I think this is very often true, but what about things like "I hope you will be able to go there some time soon"?  I don't see that as expressing a hope about willingness to do something.


----------



## Pertinax

Thomas Tompion said:


> I think this is very often true, but what about things like "I hope you will be able to go there some time soon"?  I don't see that as expressing a hope about willingness to do something.



The context is ambiguous.  Is the "you" here suffering from some kind of physical incapacity? In that case his recovery is not a question of will and so we could say:
_  I hope you're able to go there some time soon._
We might also say this if there is some other kind of constraint on him - e.g. if he is a juror in an extended trial, or has heavy responsibilities that preclude his travelling.

Otherwise his will is certainly involved, and so a modal "will" would be more polite, just as the locution "be able to" is inserted (in this context) for politeness. He should also be willing to go; if he were unwilling then he would be going there against his will, and indeed the suggestion:
_I hope you're going there some time soon._
.. could easily carry an air of menace, as if demanding that he go there whether he likes it or not.


----------



## Thomas Tompion

Pertinax said:


> The context is ambiguous. Is the "you" here suffering from some kind of physical incapacity? In that case his recovery is not a question of will and so we could say:
> _ I hope you're able to go there some time soon._


Certainly.  I was simply producing a counterexample.

I should have said that I didn't see the form using the future as necessarily implying that we were presenting a question of willingness.  There are clearly instances where we aren't.


----------



## Pertinax

I suspect my expression "a hope that you are willing to do the act" was unclear. I did not intend by this that I was necessarily hoping for a willingness to perform the act in lieu of the act itself, but rather in addition to it. In other words, I politely hoped that the act be done willingly, rather than (say) out of a sense of obligation.


----------



## alrosavilla

As I see, this is not too trivial a topic even for native speakers.

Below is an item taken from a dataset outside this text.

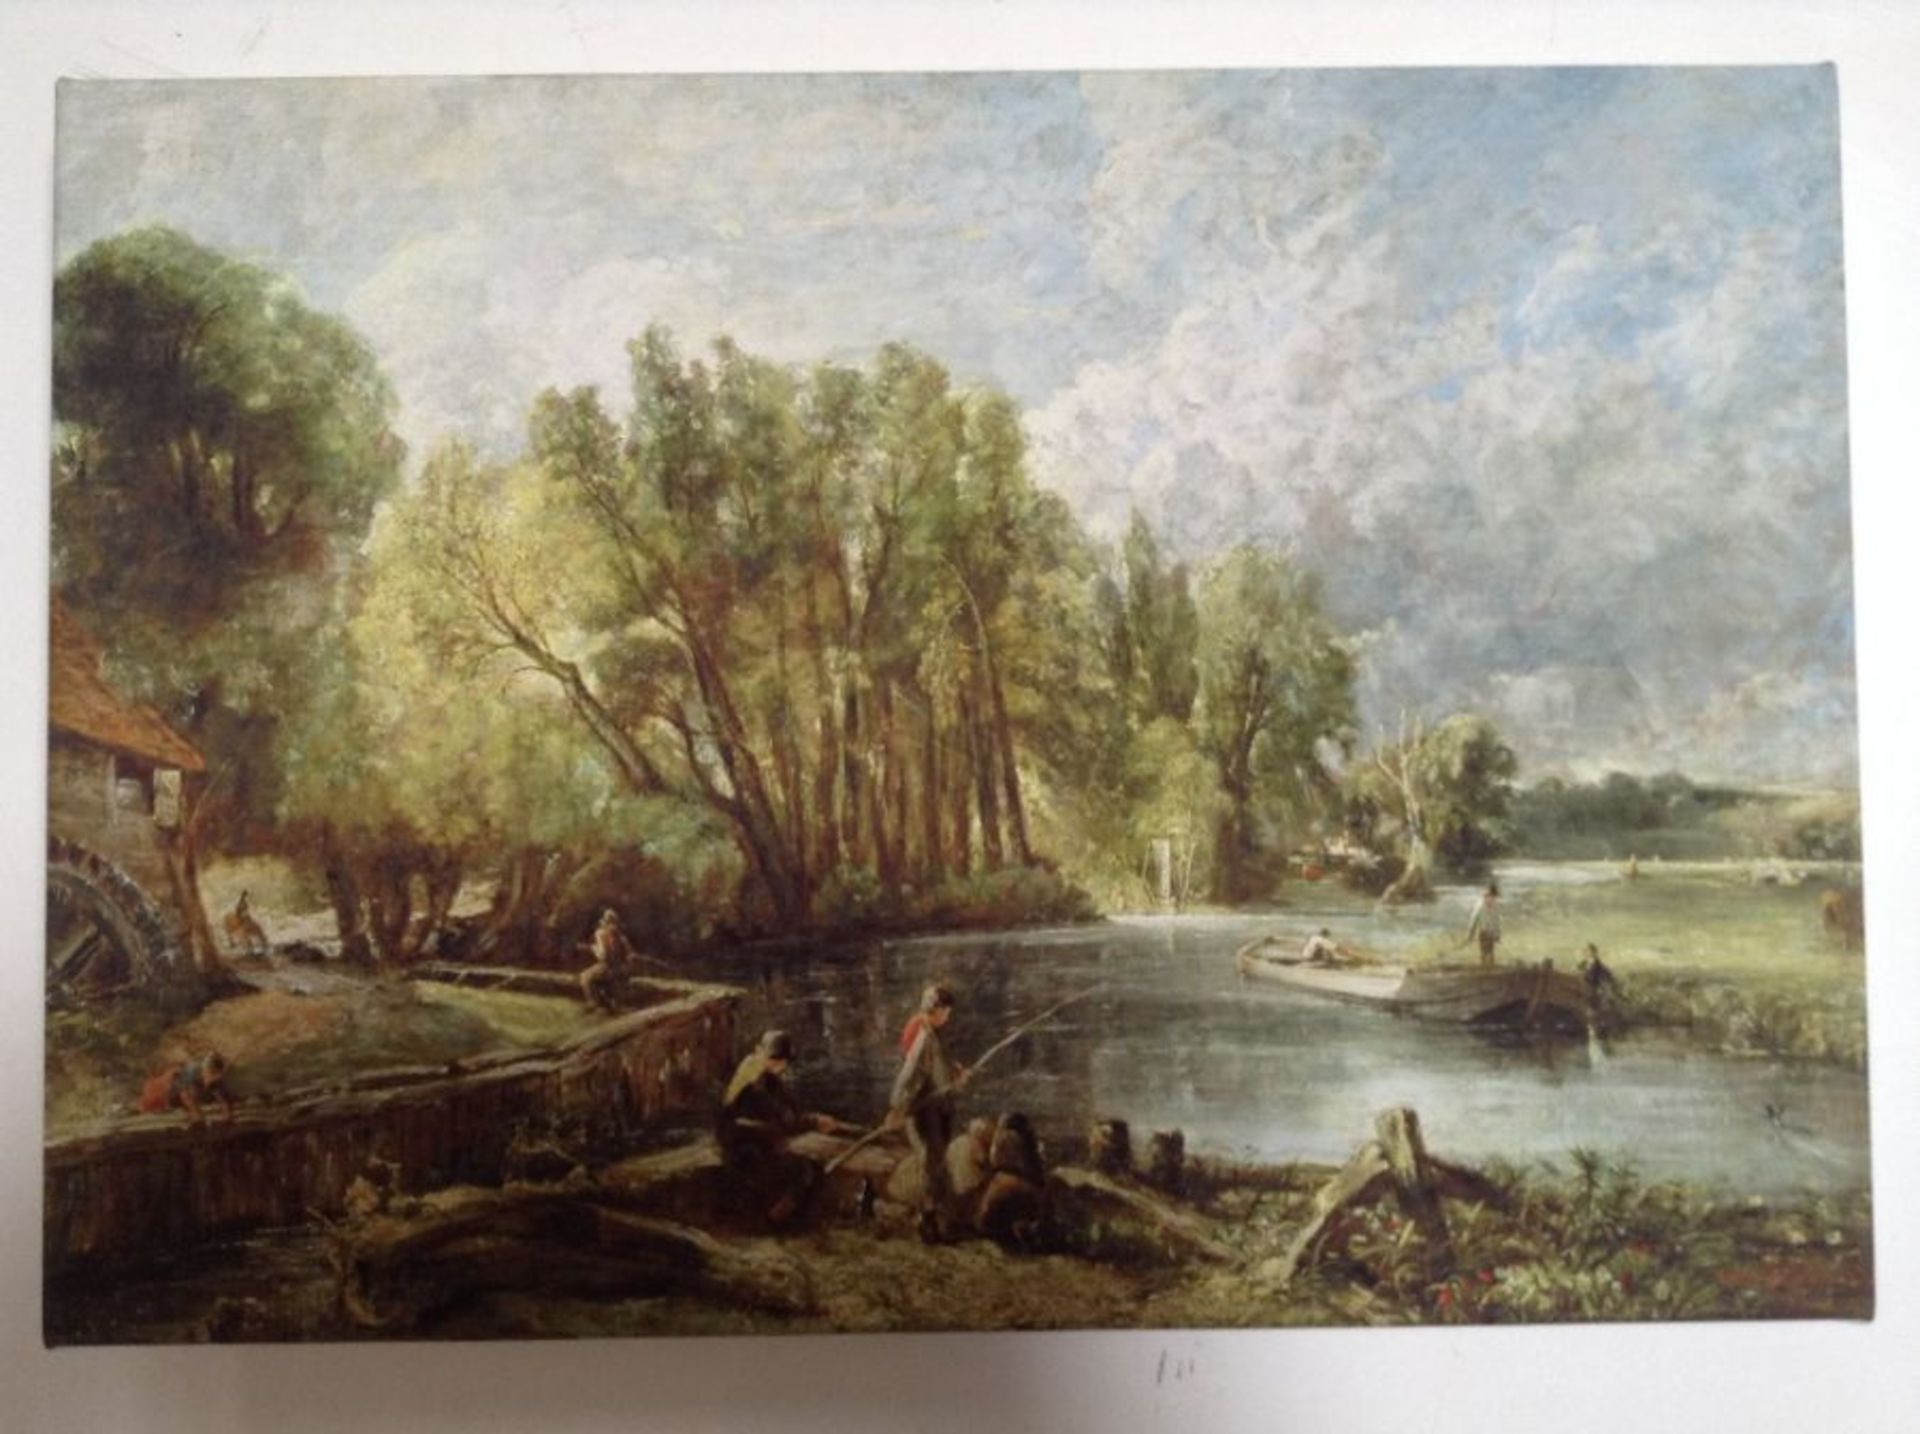 East Urban Home, John Constable - Art Prints on Canvas (SMALL) - RRP £32.99 (MGBX1403 - 14011/6) 1F

Could you please help me check my undertanding?
Ususally you say 'I hope you have a good time.' But what if there is a person who's greatly depressed and wants nothing. Trying to get him out of the depression, the friedns of the person send him on a trip. They know that the person doesn't care about the trip whatsoever, but they want him to restore his taste of life. And, as parting words, someone says - I hope you will have a good time.
In this context, the phrase still sounds odd? makes no sense?


----------



## PaulQ

alrosavilla said:


> In this context, the phrase still sounds odd? makes no sense?


I'm not sure if you are asking a question or making a statement. 

English has no future tense as such - it is constructed. *Will/shall* only indicate *present predictions* of the future: "You *will see* him if you go to his office."; "I *shall *now *perform* a magic trick." Both are what the speaker _presently thinks _is the future.

*Will *expresses volition, power and capacity, or habit:
Volition often applies to inanimate object: "The wind blows where it will blow, and there's nothing you can do about it."
*Capacity: *"Will all that fit into one box?"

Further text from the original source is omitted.